RNA Polymerase IV is composed of 12 protein subunits that are either similar or identical to the 12 subunits composing RNA Polymerase II. Only four subunits distinguish RNAP IV structure from RNAP II and RNAP V. RNA Polymerase V differs from RNAP II by six subunits, indicating that both RNAP IV and RNAP V evolved from RNAP II in plants. In Arabidopsis, two unique genes were found to encode subunits that distinguish RNAP IV from RNAP II.[10] The largest subunit is encoded by NRPD1 (formerly NRPD1a), while the second largest subunit is encoded by NRPD2 and is shared with RNAP V. These subunits contain carboxyl-terminal domains (CTDs) which are necessary for the production of 20-30% of the siRNAs produced by RNA Polymerase IV, yet are not required for DNA methylation.[11]
There is evidence that RNA Polymerase IV (RNAP IV) is responsible for producing heterochromatin, as dysfunction of either RNAP IV catalytic subunit (NRPD1 and NRPD2) disrupts the formation of heterochromatin.

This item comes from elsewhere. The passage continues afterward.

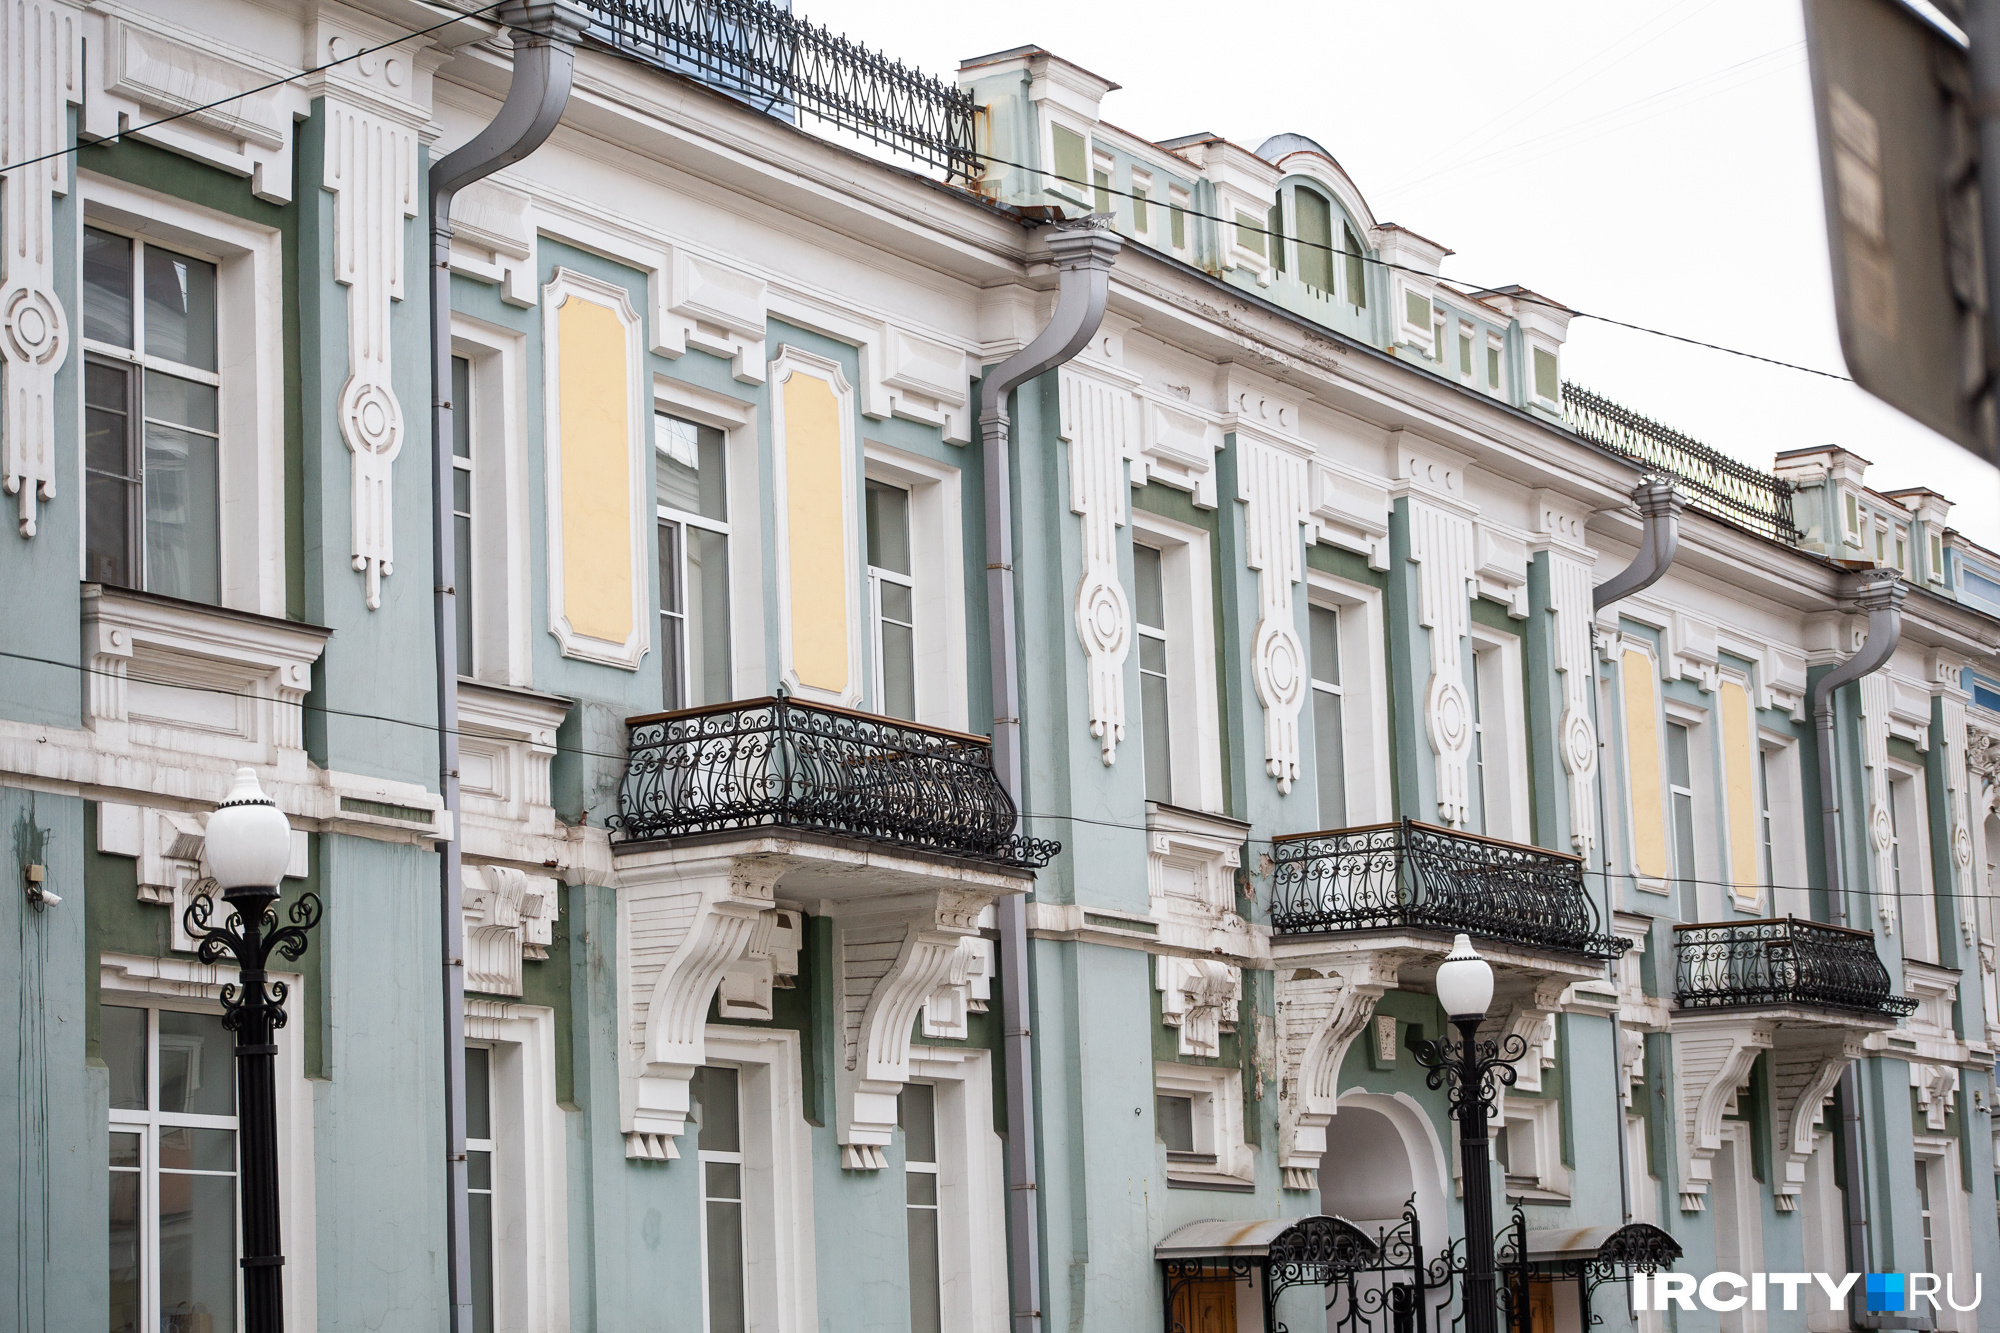 Этим зданием в середине XIX века владел иркутский купец первой гильдии Яков Домбровский

As heterochromatin is the silenced portion of DNA, it is formed when RNAP IV amplifies production of small interfering RNAs (siRNA) that are responsible for methylating cytosine bases in DNA; this methylation silences segments of the genetic code, which can still be transcribed into mRNA but not translated into proteins.[12] RNAP IV is involved in setting the methylation patterns in the 5S genes during plant maturation, resulting in the development of adult features in plants.[13]

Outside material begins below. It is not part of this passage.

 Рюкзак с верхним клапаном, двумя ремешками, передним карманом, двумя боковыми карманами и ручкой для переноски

In the first step of heterochromatin formation, RNAP IV couples with an RNA-dependent RNA polymerase known as RDR2 to make a double stranded precursor to siRNA.[14] Next, DICER-Like Protein 3 (DLP3), an enzyme which slices double stranded RNA substrates, cleaves the double stranded precursor into siRNAs that are each 24 nucleotides long.[15] These siRNAs are then methylated at their 3’ ends by a protein known as HUA ENHANCER 1 (HEN1).[16] Finally, these methylated siRNAs complex with a protein known as ARGONAUTE-4 (AGO4) in order to form the silencing complex that can perform the required methylation for heterochromatin production.[17] This process is referred to as RNA-directed DNA Methylation (RdDM) or Pol IV-mediated silencing as the introduction of these methyl groups by siRNAs silence both transposons and repetitive sequences of DNA.

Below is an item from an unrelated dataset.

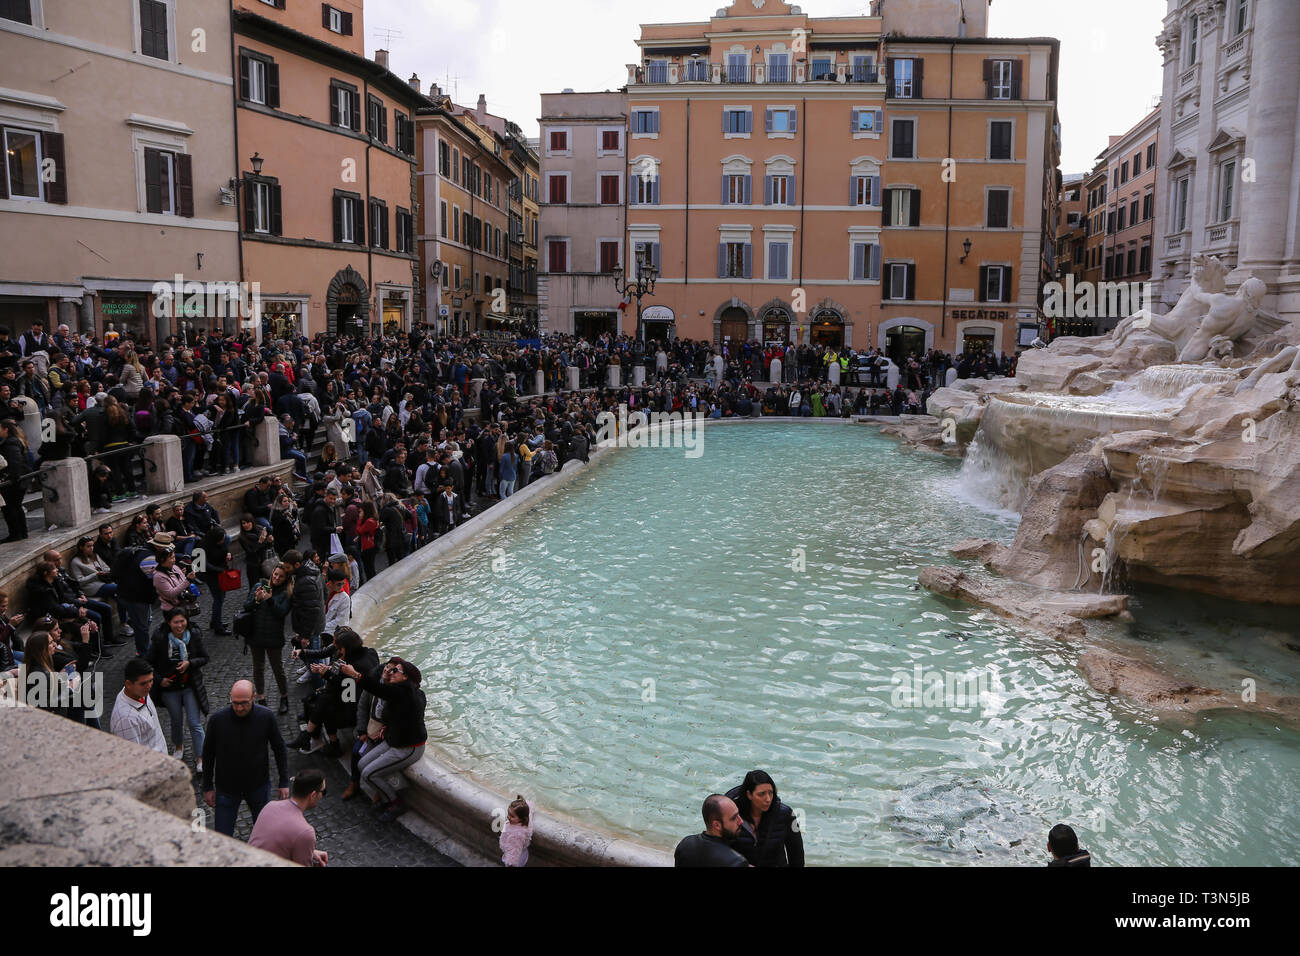 Les foules se rassemblent autour de la fontaine de Trevi (Fontana di Trevi) dans le centre de Rome, Italie Banque D'Images

SAWADEE HOMEODOMAIN HOMOLOG 1 (SHH1) is a protein that interacts with RNAP IV and is critical in its regulation through methylation. SHH1 can only bind to chromatin at specified “marked” segments, as its “SAWADEE” domain is a chromatin binding domain that probes for unmethylated K4 and methylated K9 modifications on the histone 3 (H3) tail of chromatin; its binding pockets then attach to chromatin at these sites and allow RNAP IV occupancy at these same loci. In this manner, SHH1 functions to enable RNAP IV recruitment and stability at the most actively targeted genomic loci in RdDM in order to promote the previously mentioned siRNA biogenesis of 24 nucleotide-long siRNA. Furthermore, it binds to repressive histone modifications, and any mutations that interfere with this process are associated with a reduction in DNA methylation and siRNA production.[18] Regulation of siRNA production by RNAP IV through this mechanism results in major downstream effects, as the siRNAs produced in this manner defend the genome against the proliferation of invading viruses and endogenous transposable elements.[19]